Na venda do Banco do Estado do Rio de Janeiro (Banerj), o “comprador” pagou apenas 330 milhões de reais e o governo do Rio tomou, antes, um empréstimo dez vezes maior, de 3,3 bilhões de reais, para pagar direitos dos trabalhadores. Na privatização da rodovia dos Bandeirantes, em São Paulo, a empreiteira que ganhou o leilão está recebendo 220 milhões de reais de pedágio por ano desde que assinou o contrato – e até abril de 1999 não começara a construção da nova pista.
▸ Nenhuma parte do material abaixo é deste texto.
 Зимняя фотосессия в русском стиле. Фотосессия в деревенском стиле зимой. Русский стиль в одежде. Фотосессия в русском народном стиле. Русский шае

A Companhia Siderúrgica Nacional (CSN) foi comprada por 1,05 bilhão de reais, dos quais 1,01 bilhão em “moedas podres” – vendidas aos “compradores” pelo próprio BNDES (Banco Nacional de Desenvolvimento Econômico e Social), financiadas em 12 anos.
Assim é a privatização brasileira: o governo financia a compra no leilão, vende “moedas podres” a longo prazo e ainda financia os investimentos que os “compradores” precisam fazer – até a Light recebeu um empréstimo de 730 milhões de reais no ano passado. E, para aumentar os lucros dos futuros “compradores”, o governo “engole” dívidas bilionárias, demite funcionários, investe maciçamente e até aumenta tarifas e preços antes da privatização.
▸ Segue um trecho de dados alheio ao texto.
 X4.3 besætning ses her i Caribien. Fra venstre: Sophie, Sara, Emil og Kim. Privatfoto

Aproveite você também, conheça os detalhes neste livro.
E veja nas páginas 65 a 68, um balanço das contas que o governo está escondendo.
Promessas e fatos
Irritada, tentando há 15 minutos utilizar um orelhão, Maria coloca o telefone no gancho e desabafa:
– Esse demônio só liga em número errado... É o terceiro orelhão com defeito em que estou tentando, e preciso falar urgente com meu filho, que vai sair para a escola...
– É, tá um inferno mesmo – retruca o Zé, no orelhão ao lado. – E olhe que já estou sendo forçado a vir fazer ligações no orelhão porque o telefone lá de casa está mudo há duas semanas... E disseram que tudo ia melhorar com a tal privatização... “Telefone instalado, já, já, até em São José da Tapera”. Lembra do anúncio na televisão? Este país...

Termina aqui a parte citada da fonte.